New Ranking of Central and Institutional Repositories (fwd)

Sat Feb 9 21:48:50 EST 2008

---------- Forwarded message ----------
Date: Sun, 10 Feb 2008 08:36:08 +1100
From: Arthur Sale <ahjs--ozemail.com.au>
To: AMERICAN-SCIENTIST-OPEN-ACCESS-FORUM--LISTSERVER.SIGMAXI.ORG
Subject: Re: New Ranking of Central and Institutional Repositories

  It looks as though the algorithm is the same as for university websites.

Rank each repository for inward bound hyperlinks (VISIBILITY)
Rank every repository for number of pages (SIZE)
Rank every repository for number of 'interesting' documents eg .doc. .pdf
(RICH FILES)
Rank every repository for number of records returned by a Google Scholar
search (GOOGLE SCHOLAR)
Compute (VISIBILITY x 50%) + (SIZE x 20%) + (RICH FILES x 15%) + (GOOGLE
SCHOLAR x 15%)
And then rank the repositories on this score.

This is a poor measure in general.
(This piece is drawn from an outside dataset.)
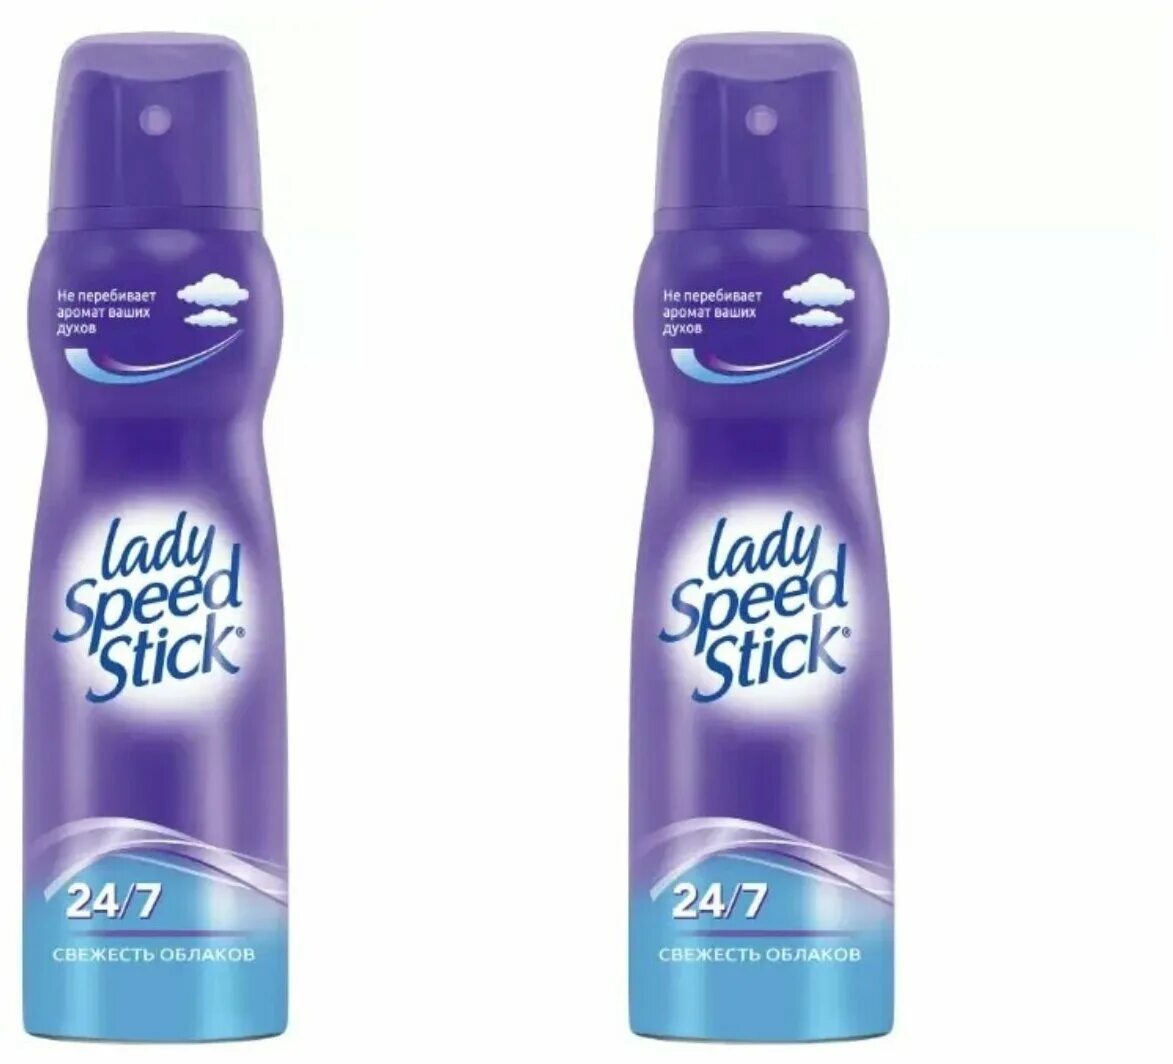 Леди стик дезодорант купить. Дезодорант Lady Speed Stick спрей 150мл. Lady Speed Stick свежесть облаков. Lady Speed Stick дезодорант-спрей 150мл Derma + витамин е. Lady Speed Stick biocontrol.

VISIBILITY (accounts for 50% of score!)
is not necessarily useful for repositories, when harvesting in more
important than hyperlinks. It will be strongly influenced by staff members
linking their publications off a repository search. Both SIZE and RICH FILES
measure absolute size and say nothing about currency or activity. Some of
the higher placed Australian universities have simply had old stuff dumped
in them, and are relatively inactive in acquiring current material. Activity
should be a major factor in metrics for repositories, and this could easily
measured by a search limited to a year (eg 2007), or by the way ROAR does it
through OAI-PMH harvesting.

Arthur Sale
University of Tasmania

>
> (1) I don't know the Webometrics ranking formula, but it is
> clearly based on multiple weighted parameters, and not merely
> on total number of records (country, size, visibility, rich
> files, "scholar"), otherwise the rank order would have been
> the same as what ROAR gives you if you select "Sort by Total Records":
> http://roar.eprints.org/?action=home
<http://roar.eprints.org/?action=home&q=&country=&version=&type>
&q=&country=&version=&type
=&order=recordcount&submit=Filter
>
> The Webometrics "Size" parameter seems to be the same as
> ROAR's "Total records" -- except Webometrics so far seems to
> omit PubMedCentral, which would otherwise be the biggest of
> the CRs. I expect that Webometrics'
> coverage and perhaps also their formula is still being
> refined. [They only seem to cover a total of 200 CRs and IRs
> right now.] And of course there is also still the
> not-yet-solved problem of distinguishing the records that are
> full-texts from those that are just metadata, and
> distinguishing OA content from other kinds of deposits. Stay tuned.
> http://trac.eprints.org/projects/iar/wiki/Missing
>